Scott Hatfield . . . . said...

But at that point one should not also make truth-statements about it. Because that makes it a metaphysic.

OK, that is something I can nod my head to.

But let me ask you this: what is your take on the ontological status of scientific theories? Do you come down in favor of scientific realism, which holds that theories should be increasingly-close approximations to what is real, and are thus in some sense 'true'? Or would you take the instrumentalist view, that theories are simply models, 'black boxes' we use to compare how closely our inputs and outputs match, and not necessarily 'truth-statements' with a capital 'T'?

For the record, my take is a pragmatic one: we should aspire to build theories which actually do approach reality, but we should have some humility about our cognitive limitations and past missteps, and as a practical matter treat theories as models? Ultimately, I don't think I'm in the 'Truth Business'. I think I'm in the 'Model-Building and Testing Business.'

Stan said...

Scott asked,
what is your take on the ontological status of scientific theories?

And he said,
Ultimately, I don't think I'm in the 'Truth Business'. I think I'm in the 'Model-Building and Testing Business.'


I agree with this statement. It correlates to some extent with your description of the "instrumentalist" approach, which in turn recognizes the need for intellectual humility in the face of ever-more unknowns. With this sort of description, rigor is easily induced, and agendas are reduced.

The degree of "validity" of an hypothesis is (too) often transposed with the idea of "truth" of the hypothesis.
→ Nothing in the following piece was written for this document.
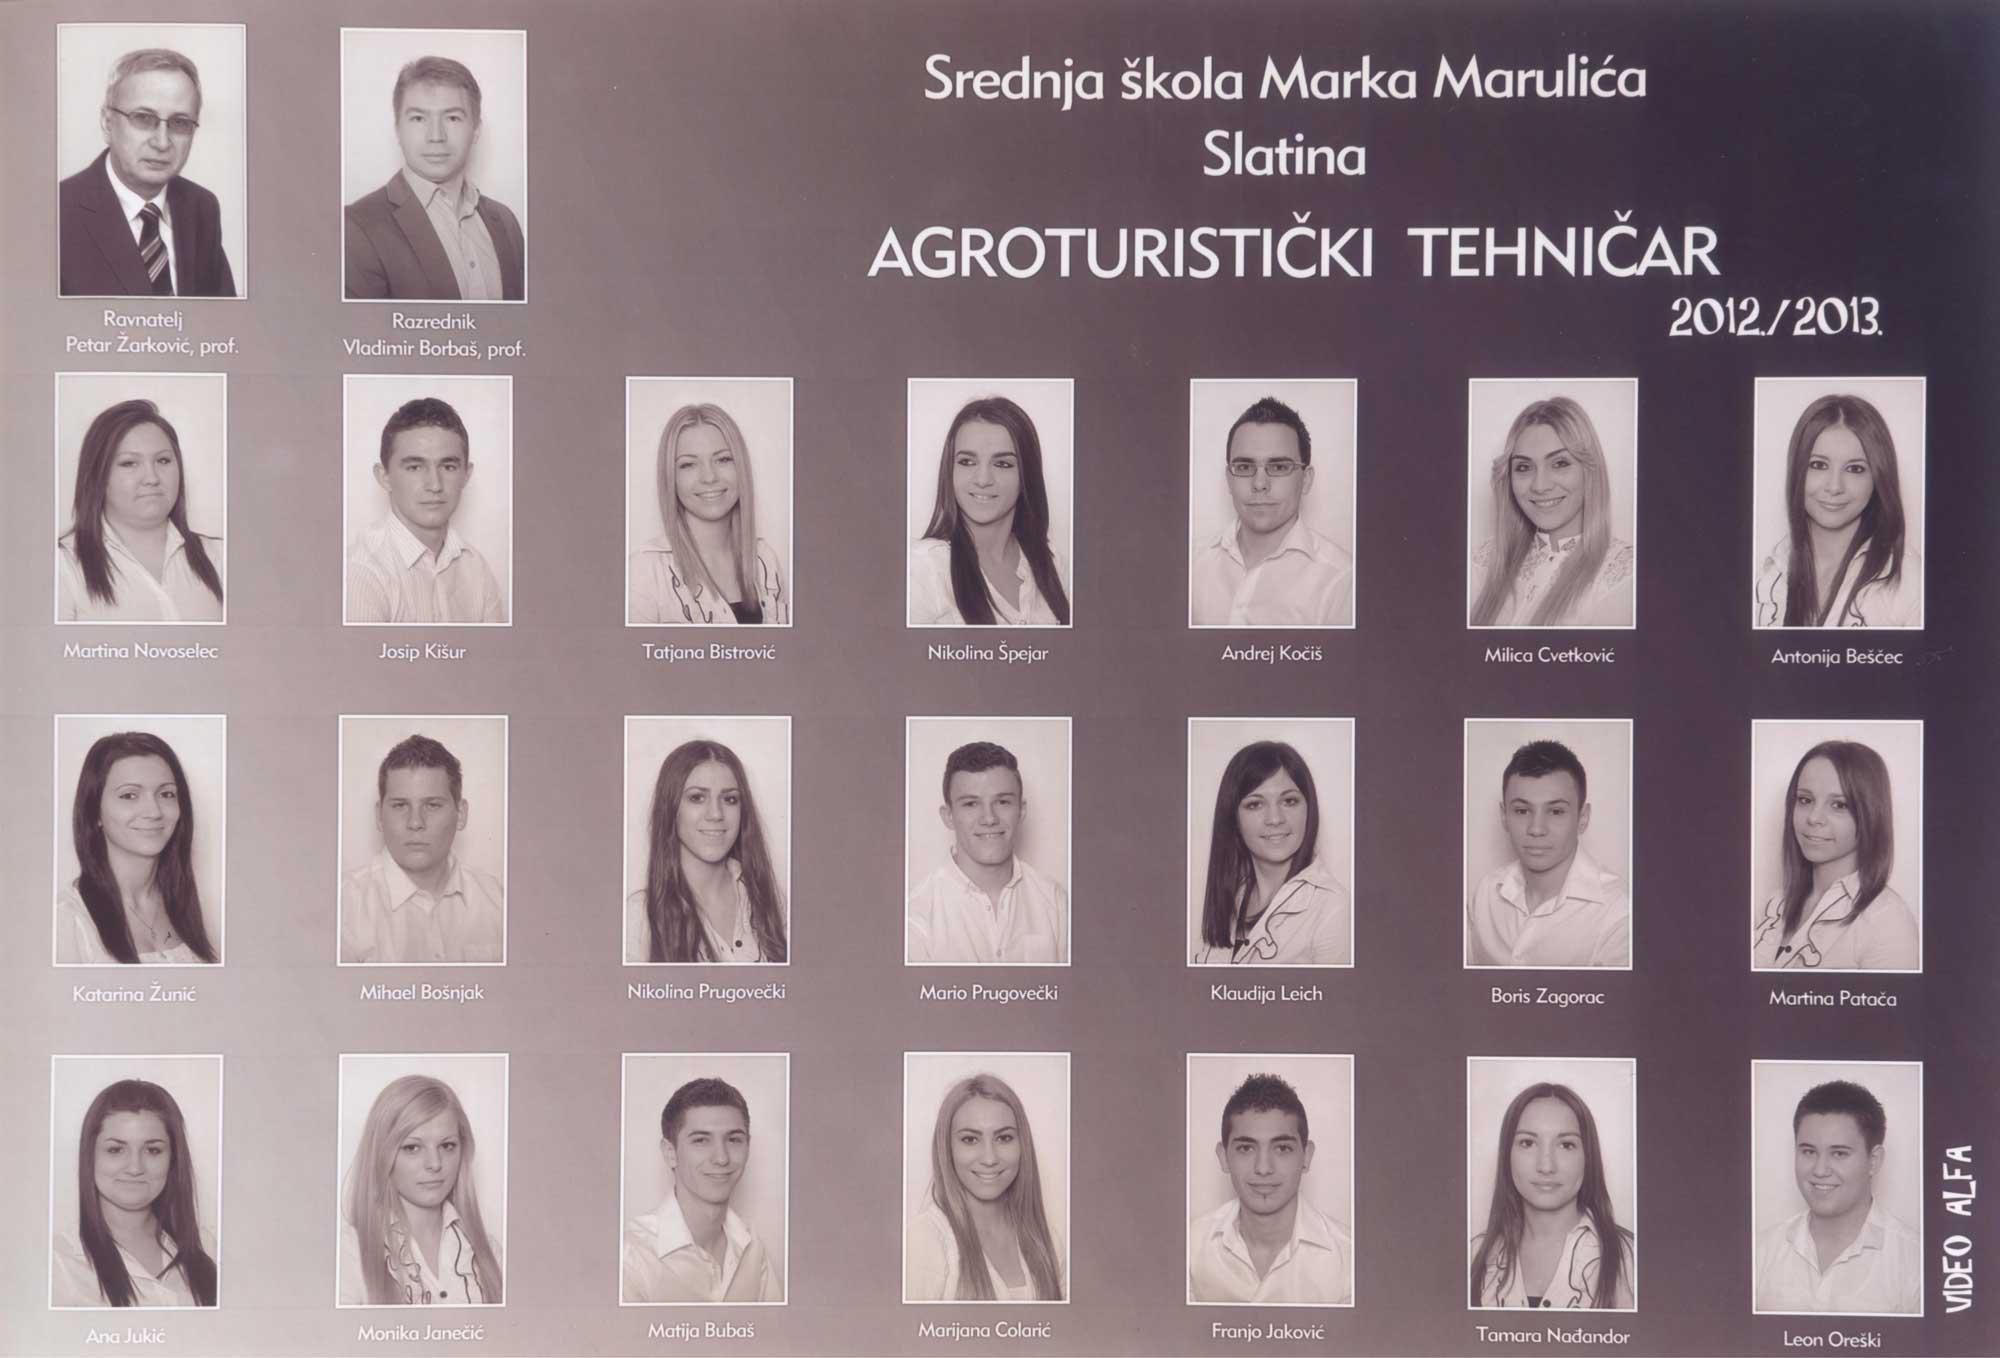 4. agroturistički tehničari

This confusion of terminology makes the hypothesis seem to be an absolute, which does not exist in science.

The degree of validity might be quite high, given the current ability to measure, and current understanding of "axioms"; but all that can change (as it did when the idea of a static, fixed universe was obsoleted by the new idea of an expanding universe).

The axioms of evolution are under revision right now: the tree of life; selection as the dominant driver, etc.